[[ Available records open ]]

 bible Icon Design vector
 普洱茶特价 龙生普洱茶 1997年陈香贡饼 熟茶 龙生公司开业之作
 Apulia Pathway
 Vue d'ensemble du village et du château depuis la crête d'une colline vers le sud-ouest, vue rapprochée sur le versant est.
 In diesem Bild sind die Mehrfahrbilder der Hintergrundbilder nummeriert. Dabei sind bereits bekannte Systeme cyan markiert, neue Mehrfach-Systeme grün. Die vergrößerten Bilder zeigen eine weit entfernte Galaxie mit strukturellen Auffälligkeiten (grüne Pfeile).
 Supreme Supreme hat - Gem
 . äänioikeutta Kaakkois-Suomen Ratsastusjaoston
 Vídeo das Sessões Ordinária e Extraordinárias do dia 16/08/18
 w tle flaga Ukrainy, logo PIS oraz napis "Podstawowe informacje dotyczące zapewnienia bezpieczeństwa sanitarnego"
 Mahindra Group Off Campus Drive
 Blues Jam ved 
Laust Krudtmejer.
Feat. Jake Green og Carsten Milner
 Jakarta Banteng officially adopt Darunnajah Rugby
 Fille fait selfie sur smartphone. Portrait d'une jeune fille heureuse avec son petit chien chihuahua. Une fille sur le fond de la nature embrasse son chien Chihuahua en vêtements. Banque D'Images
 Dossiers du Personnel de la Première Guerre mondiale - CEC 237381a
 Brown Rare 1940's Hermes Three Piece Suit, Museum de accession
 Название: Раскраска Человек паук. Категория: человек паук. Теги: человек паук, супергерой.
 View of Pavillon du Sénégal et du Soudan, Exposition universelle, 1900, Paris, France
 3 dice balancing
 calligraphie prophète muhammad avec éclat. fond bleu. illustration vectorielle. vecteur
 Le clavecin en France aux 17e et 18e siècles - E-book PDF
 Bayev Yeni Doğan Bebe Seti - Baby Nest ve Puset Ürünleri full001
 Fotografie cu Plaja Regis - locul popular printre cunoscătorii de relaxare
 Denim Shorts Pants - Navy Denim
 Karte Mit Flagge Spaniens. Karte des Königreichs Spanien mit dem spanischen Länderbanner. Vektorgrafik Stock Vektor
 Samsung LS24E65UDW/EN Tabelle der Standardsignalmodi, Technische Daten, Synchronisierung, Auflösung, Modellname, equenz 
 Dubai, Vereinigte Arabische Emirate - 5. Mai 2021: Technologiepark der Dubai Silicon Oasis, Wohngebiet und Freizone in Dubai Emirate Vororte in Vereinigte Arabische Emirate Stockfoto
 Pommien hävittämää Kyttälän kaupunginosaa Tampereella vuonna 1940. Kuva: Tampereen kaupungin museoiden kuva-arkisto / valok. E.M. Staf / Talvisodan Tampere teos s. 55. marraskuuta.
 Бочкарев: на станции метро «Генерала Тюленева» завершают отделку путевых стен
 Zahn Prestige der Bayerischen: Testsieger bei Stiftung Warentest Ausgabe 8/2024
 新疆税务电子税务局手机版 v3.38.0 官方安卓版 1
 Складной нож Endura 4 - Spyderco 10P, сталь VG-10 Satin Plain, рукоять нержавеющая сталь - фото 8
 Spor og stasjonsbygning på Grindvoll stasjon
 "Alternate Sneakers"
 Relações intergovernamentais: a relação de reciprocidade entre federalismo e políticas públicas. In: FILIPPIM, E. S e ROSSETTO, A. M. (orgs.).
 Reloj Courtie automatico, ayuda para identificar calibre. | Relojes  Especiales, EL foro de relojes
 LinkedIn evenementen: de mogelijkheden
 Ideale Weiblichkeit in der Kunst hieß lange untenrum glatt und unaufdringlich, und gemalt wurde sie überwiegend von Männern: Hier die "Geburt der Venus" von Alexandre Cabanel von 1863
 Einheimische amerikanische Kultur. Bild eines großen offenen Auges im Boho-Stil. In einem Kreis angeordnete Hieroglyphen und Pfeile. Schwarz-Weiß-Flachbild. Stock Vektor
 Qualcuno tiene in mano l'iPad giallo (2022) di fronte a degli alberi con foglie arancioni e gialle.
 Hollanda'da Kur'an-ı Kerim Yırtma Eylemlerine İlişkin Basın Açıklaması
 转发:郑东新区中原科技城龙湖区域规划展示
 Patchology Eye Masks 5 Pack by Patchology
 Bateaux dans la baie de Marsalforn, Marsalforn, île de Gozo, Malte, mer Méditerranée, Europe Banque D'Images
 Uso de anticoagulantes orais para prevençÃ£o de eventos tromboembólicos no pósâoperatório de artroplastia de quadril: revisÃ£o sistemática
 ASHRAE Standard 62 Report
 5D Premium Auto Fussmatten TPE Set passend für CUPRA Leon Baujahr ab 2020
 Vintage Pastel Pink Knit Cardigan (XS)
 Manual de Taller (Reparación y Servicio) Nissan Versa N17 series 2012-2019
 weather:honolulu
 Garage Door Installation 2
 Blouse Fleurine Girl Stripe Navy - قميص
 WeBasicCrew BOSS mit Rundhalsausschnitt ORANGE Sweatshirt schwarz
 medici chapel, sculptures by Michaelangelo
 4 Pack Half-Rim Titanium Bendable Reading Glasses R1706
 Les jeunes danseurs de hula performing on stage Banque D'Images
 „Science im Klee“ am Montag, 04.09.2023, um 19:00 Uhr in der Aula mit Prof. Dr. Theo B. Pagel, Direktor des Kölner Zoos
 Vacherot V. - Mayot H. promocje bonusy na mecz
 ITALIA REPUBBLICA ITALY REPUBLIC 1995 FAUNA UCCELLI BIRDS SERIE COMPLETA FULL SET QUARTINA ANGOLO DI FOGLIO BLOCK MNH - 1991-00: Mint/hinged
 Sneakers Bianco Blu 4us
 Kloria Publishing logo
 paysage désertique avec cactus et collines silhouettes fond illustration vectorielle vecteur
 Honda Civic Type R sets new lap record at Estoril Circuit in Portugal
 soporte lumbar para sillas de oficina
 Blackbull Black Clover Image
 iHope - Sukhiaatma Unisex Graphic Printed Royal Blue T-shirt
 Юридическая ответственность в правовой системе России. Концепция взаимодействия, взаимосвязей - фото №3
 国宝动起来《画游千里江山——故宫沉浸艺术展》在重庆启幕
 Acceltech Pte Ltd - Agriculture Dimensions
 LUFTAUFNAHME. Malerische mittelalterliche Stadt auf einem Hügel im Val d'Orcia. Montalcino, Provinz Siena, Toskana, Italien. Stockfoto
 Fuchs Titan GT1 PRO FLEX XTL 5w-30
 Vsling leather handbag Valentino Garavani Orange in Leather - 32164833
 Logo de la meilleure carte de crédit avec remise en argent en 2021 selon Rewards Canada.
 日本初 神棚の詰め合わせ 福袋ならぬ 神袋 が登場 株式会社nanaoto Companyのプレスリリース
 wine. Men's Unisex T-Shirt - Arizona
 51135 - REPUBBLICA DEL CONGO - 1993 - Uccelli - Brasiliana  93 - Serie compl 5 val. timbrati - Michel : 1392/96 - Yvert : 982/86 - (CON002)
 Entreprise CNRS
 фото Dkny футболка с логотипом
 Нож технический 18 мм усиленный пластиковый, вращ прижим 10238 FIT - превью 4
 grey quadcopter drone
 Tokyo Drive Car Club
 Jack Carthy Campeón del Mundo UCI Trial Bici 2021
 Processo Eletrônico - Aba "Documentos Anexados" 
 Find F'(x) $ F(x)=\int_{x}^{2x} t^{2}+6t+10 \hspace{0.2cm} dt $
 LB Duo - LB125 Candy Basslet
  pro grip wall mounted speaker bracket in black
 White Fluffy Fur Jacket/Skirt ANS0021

[[ Available records closed ]]

= Task description =
Search the entries for "фото" and show every line that has it.

= Solution to this exercise =
 Складной нож Endura 4 - Spyderco 10P, сталь VG-10 Satin Plain, рукоять нержавеющая сталь - фото 8
 Юридическая ответственность в правовой системе России. Концепция взаимодействия, взаимосвязей - фото №3
 фото Dkny футболка с логотипом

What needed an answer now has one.